No tempo do beija-ditador

eodoro e Teodorin estavam satisfeitíssimos. Ainda mal se atreviam a balbuciar “ôba” e já os imortalizavam em glória na Sapucaí. Não sabem? Pois conta-se depressa. Estavam os Teodoros, pai e filho, a jogar monopólio na mansão presidencial, quando Teodorin, distraído a folhear uma revista brasileira, gritou para o pai: “Regardez, padre, el bueno Mardi Gras brasileño!” Teodoro, resoluto, respondeu-lhe num castelhano babélico: “Compra!” Mas Teodorin explicou-lhe, com paciência, que não podia ser assim. Não era só comprar, era preciso conversa, diplomacia, essas coisas democráticas. Teodoro disse-lhe que de democracia não percebia nada mas, ainda assim, que comprasse. Foi o que bastou para que Teodorin, sagaz, se empenhasse na coisa. Era preciso um passo, mas qual? Foi ver a lista das escolas de samba e tropeçou numa com nome de pássaro: Beija-Flor. Servia perfeitamente. Fez contactos. E tratou do cheque, naturalmente. Se o Brasil andava a cortar nos apoios às escolas sambistas, por que razão não poderia a mais recente sócia da grande irmandade lusófona (que é uma coleccionadora compulsiva de línguas oficiais e não oficiais — a brincar, entre umas e outras, já juntou ao espanhol da colonização e ao fang tribal o inglês “pidgin”, o francês e o português) dar uma ajuda?

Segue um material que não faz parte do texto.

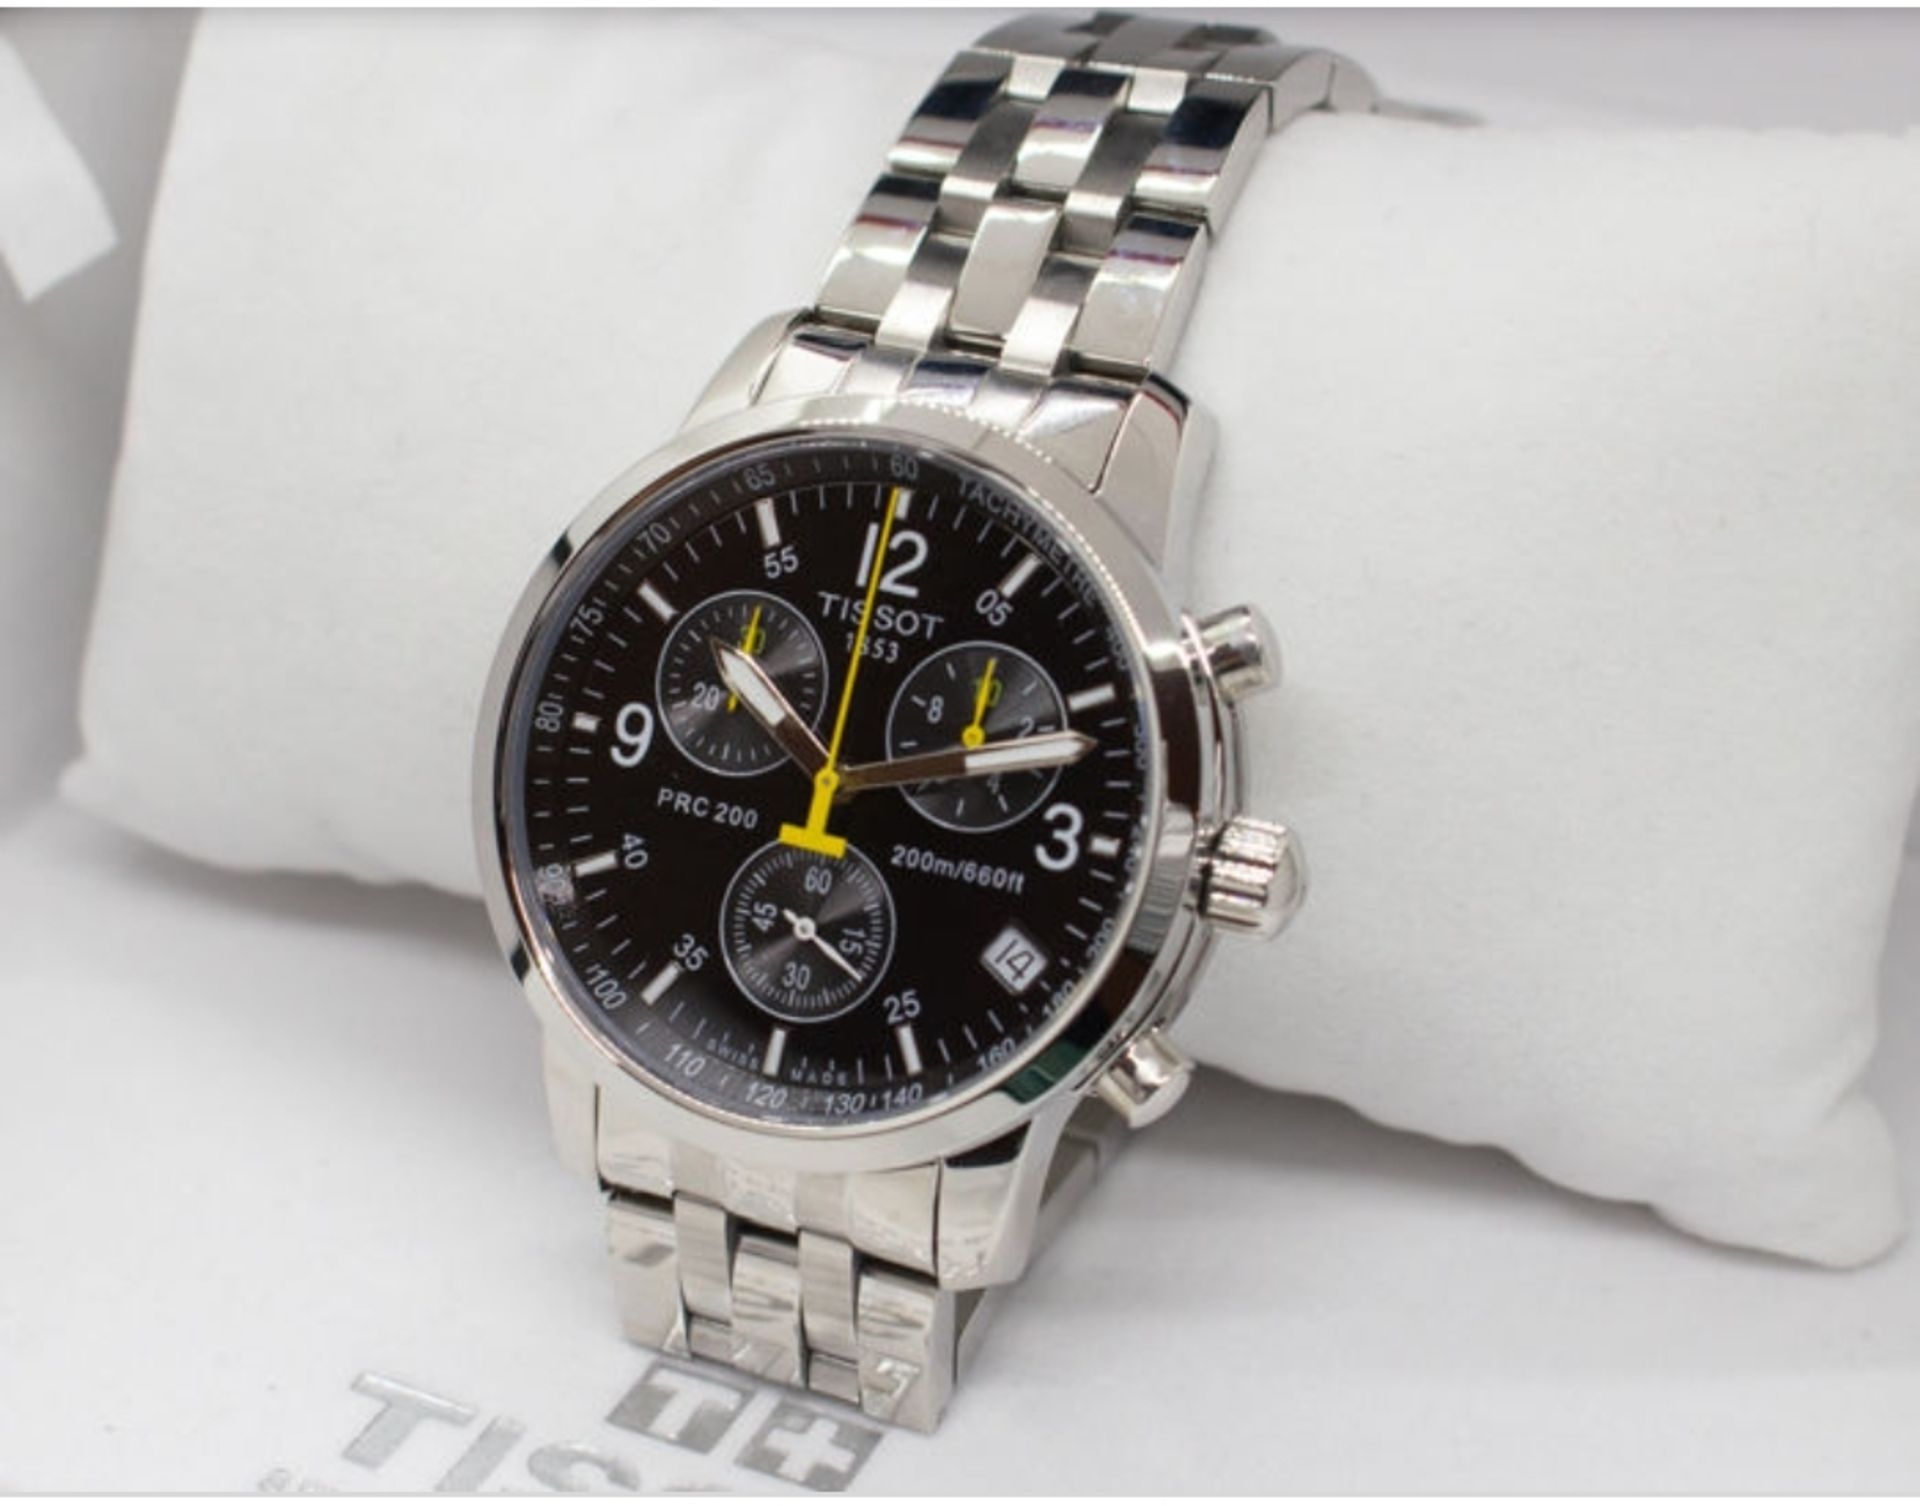 Tissot T17.1.586.52 PRC 200 Men's Chronograph Quartz Watch - Image 6 of 11

Podia e daria. E se cada escola gasta, em média, por ano, 1,5 milhões de euros, ele seria magnânimo: dobraria a oferta. E a escola-pássaro lá recebeu, a título de patrocínio, a módica quantia de 10 milhões de reais, ou seja, 3,5 milhões de euros. Claro que, com tal maquia, outro pássaro cantaria. E cantou. A escola de samba Beija-Flor concorreu ao desfile na Sapucaí com “Um griô conta a história: um olhar sobre a África e o despontar da Guiné Equatorial”. Um mimo. Numa história onde há um rei cobiçoso (D. João II de Portugal) e sangue negro como “argamassa do edifício da escravidão”, como se relata no texto justificativo do enredo deste ano, o final feliz desagua no presente como água morna em banheira vazia. Ora ouça-se, lendo, o samba-enredo: “Um africano rei que não perdeu a fé/ Era meu irmão, filho da Guiné! (…) Na ginga do balelé, cores no ar/ Dessa mistura vem meu axé…/ Canta Brasil! dança Guiné!/ Criança! Levanta a cabeça e vá embora! No mar que trouxe a dor,/ Riqueza aflora/ Tens uma família agora!/ Quem beija essa flor não chora.” Exacto. E quem beija ditador não perde. A escola foi a vencedora do Carnaval e, no final do desfile, lá estava o embaixador do país de Teodoro Obiang, Pedro Matute Tang, a abraçar Neguinho, o intérprete histórico da escola, e a garantir: “Nós fazemos cultura, não fazemos política.” Num camarote, Teodorin (Teodoro não foi, estava entretido com outros carnavais) deve ter adorado. Como é bom ter amigos! Como é bom ser louvado desinteressadamente, mesmo que a troco de algum dinheiro, por gente tão amável… Gente que até é capaz de escrever, como objectivo comum ao Brasil e à Guiné Equatorial, “caminhemos sobre a trilha de nossa imensa felicidade”! Até porque, e disso ninguém duvida, são mesmo felizes os cidadãos que sabem que a Guiné Equatorial é um país riquíssimo. São poucos, é verdade, apenas umas centenas dos seus quase 800 mil habitantes, os outros vivem na miséria — mas têm o horizonte, a esperança, agora até têm um samba, olerê olará, et cetera e tal, Teodorin é um génio.

Agora que Portugal vai conceder “vistos gold” a quem se disponha a investir na cultura, é bom não perder de vista esta (como se diz?) “janela de oportunidade”. Sai uma ópera para Teodoro! Uma sinfonia para Teodorin! Um bailado para a felicidade equatorial! E choverão os investimentos, os vistos, e a alegria universal paga a preço de “amigo”. Vendo bem, agora que a Guiné Equatorial adoptou o português como língua oficial, é a melhor maneira de nos irmanarmos. Até porque as palavras que para aqui interessam são escritas sempre da mesma maneira, antes ou depois de qualquer acordo ortográfico. Ora confirmem: comprar, rebaixar, oprimir, roubar, corromper. Doce vocabulário, “na trilha da nossa imensa felicidade”. Seja em samba ou fadinho, os Teodoros agradecem.